1

I was trying to test the output of an fft against a numpy fft for unit testing, I realized soon after when it failed, it wasn't because I had done something wrong, but skcuda literally doesn't produce the same answer. I knew they were going to be different by a bit, but at least one of the numbers is several orders of magnitude off of what numpy produces, and both allclose and almost_equal return massive errors (33% and 25% for rtol=1e-6, 16% for atol=1e-6). What am I doing wrong here?
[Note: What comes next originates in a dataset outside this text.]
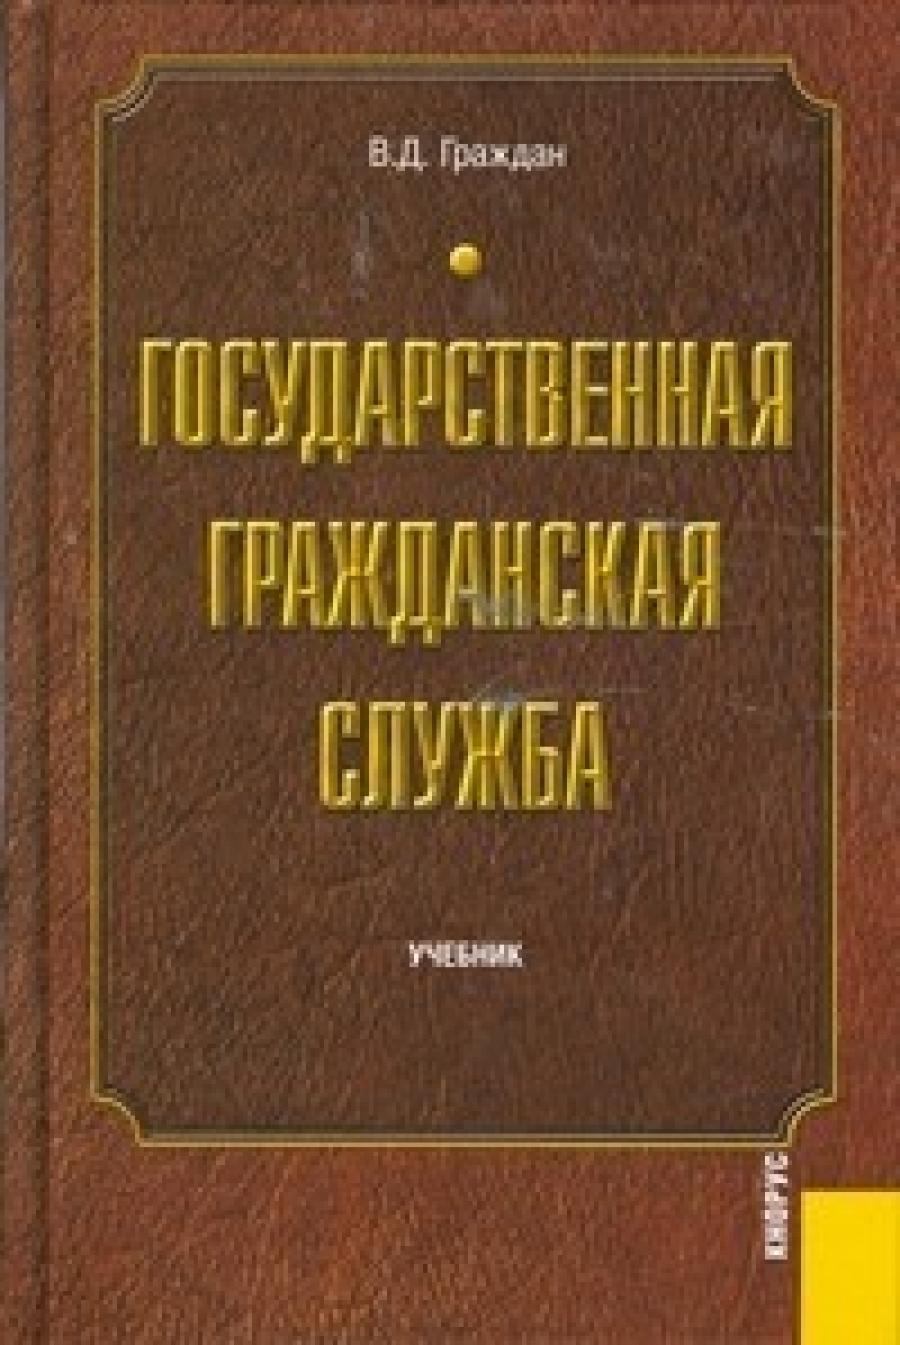 Обложка книги:  граждан в.д. - государственная гражданская служба.

Can I fix this?

Test file:

import pycuda.autoinit
from skcuda import fft
from pycuda import gpuarray
import numpy as np

def test_skcuda():
    array_0 = np.array([[1, 2, 3, 4, 5, 4, 3, 2, 1, 0]], dtype=np.float32)
    array_1 = array_0 * 10
    time_domain_signal = np.array([array_0[0], array_1[0]], dtype=np.float32)
    fft_point_count = 10
    fft_plan = fft.Plan(fft_point_count, np.float32, np.complex64,
                        batch=2)
    fft_reserved = gpuarray.empty((2, fft_point_count // 2 + 1), dtype=np.complex64)
    fft.fft(gpuarray.to_gpu(time_domain_signal), fft_reserved, fft_plan)
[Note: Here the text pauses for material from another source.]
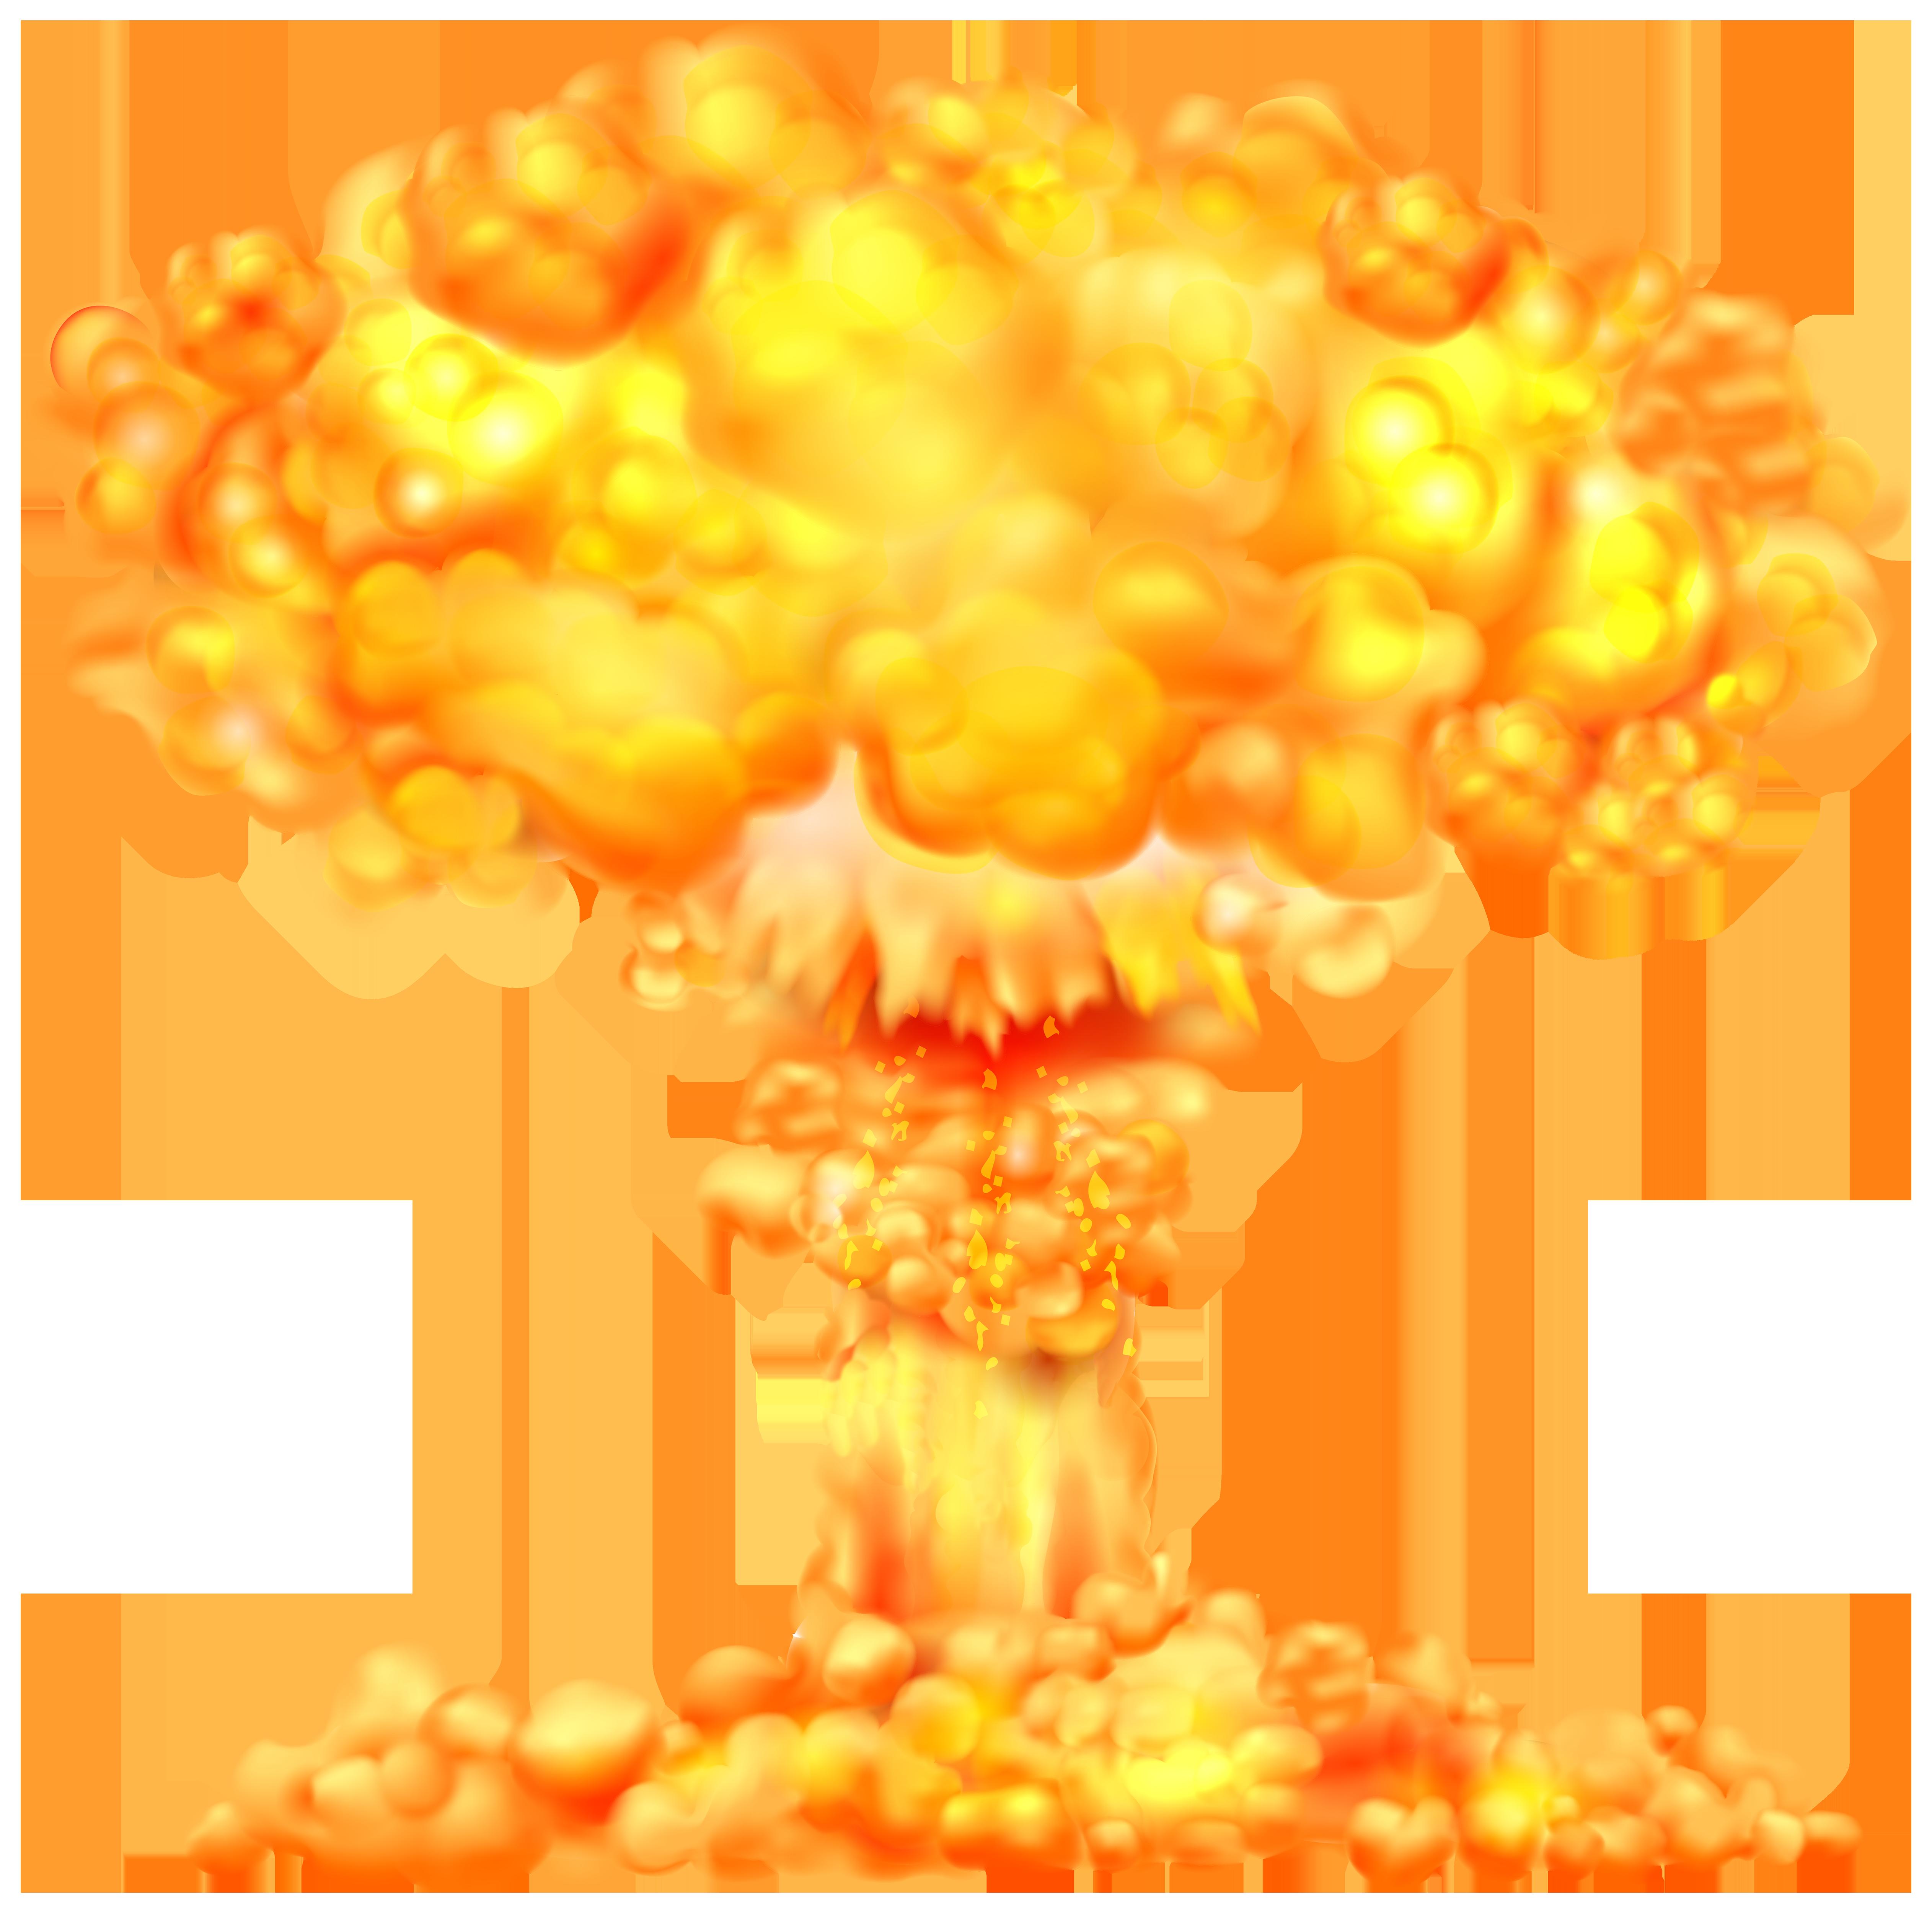 Fire Explosion Transparent PNG Clip Art Image.

    np.testing.assert_array_almost_equal(
        np.fft.rfft(time_domain_signal, fft_point_count), fft_reserved.get())

test_skcuda()

Assertion failure:

AssertionError: 
Arrays are not almost equal to 6 decimals

(mismatch 25.0%)
 x: array([[ 2.500000e+01+0.000000e+00j, -8.472136e+00-6.155367e+00j,
        -1.193490e-15+2.331468e-15j,  4.721360e-01-1.453085e+00j,
         2.664535e-15+0.000000e+00j,  1.000000e+00+0.000000e+00j],...
 y: array([[ 2.500000e+01+0.000000e+00j, -8.472136e+00-6.155367e+00j,
         8.940697e-08+5.960464e-08j,  4.721359e-01-1.453085e+00j,
         0.000000e+00+0.000000e+00j,  1.000000e+00+0.000000e+00j],...

printed output:

#numpy
[[ 2.50000000e+01+0.00000000e+00j -8.47213595e+00-6.15536707e+00j
  -1.19348975e-15+2.33146835e-15j  4.72135955e-01-1.45308506e+00j
   2.66453526e-15+0.00000000e+00j  1.00000000e+00+0.00000000e+00j]
 [ 2.50000000e+02+0.00000000e+00j -8.47213595e+01-6.15536707e+01j
  -1.11022302e-14+2.39808173e-14j  4.72135955e+00-1.45308506e+01j
   3.55271368e-14+7.10542736e-15j  1.00000000e+01+0.00000000e+00j]]

#skcuda
[[ 2.5000000e+01+0.0000000e+00j -8.4721355e+00-6.1553669e+00j
   8.9406967e-08+5.9604645e-08j  4.7213593e-01-1.4530852e+00j
   0.0000000e+00+0.0000000e+00j  1.0000000e+00+0.0000000e+00j]
 [ 2.5000000e+02+0.0000000e+00j -8.4721359e+01-6.1553673e+01j
   1.4305115e-06-4.7683716e-07j  4.7213597e+00-1.4530851e+01j
   0.0000000e+00+1.9073486e-06j  1.0000000e+01+0.0000000e+00j]]
Krupip
  • 4,404
  • 2
  • 32
  • 54
  • @CrisLuengo I've done this with `np.testing.assert_allclose`, which resulted still in 33% error with `rtol=1e-6`, and I agree, some are within numerical precision, but specifically the 3rd x axis element for each row, for each numpy array are *vastly* different from one another, several orders of magnitude apart. – Krupip Jun 28 '19 at 18:40
  • @CrisLuengo I meant to use atol, not rtol, ended up getting %16.6 difference still, I assume from that 3rd column value. – Krupip Jun 28 '19 at 18:44
  • @CrisLuengo Cuda will use what ever you tell it to, but if you look here, I force everything to be np.float32, so yes, everything is using 32bit floats. – Krupip Jun 28 '19 at 18:49
  • @CrisLuengo Okay, that makes sense, but still, is there an error function that numpy has that will actually recognize that? So far it seems all the approx equal functions they have will still reject it, and I'm not sure under what scenarios and how I can say "these things are close enough!" – Krupip Jun 28 '19 at 18:52
  • @CrisLuengo well its using 32bit float reals, and creating complex numbers during the FFT transformation, but complex64 is two 32bit floats for the real and imaginary part. – Krupip Jun 28 '19 at 18:54

3 Answers3

1

The output of an FFT has an error that is relative to the magnitude of the input values. Each output element is computed from combining all input elements, and therefore it is their magnitudes that determine the precision of the result.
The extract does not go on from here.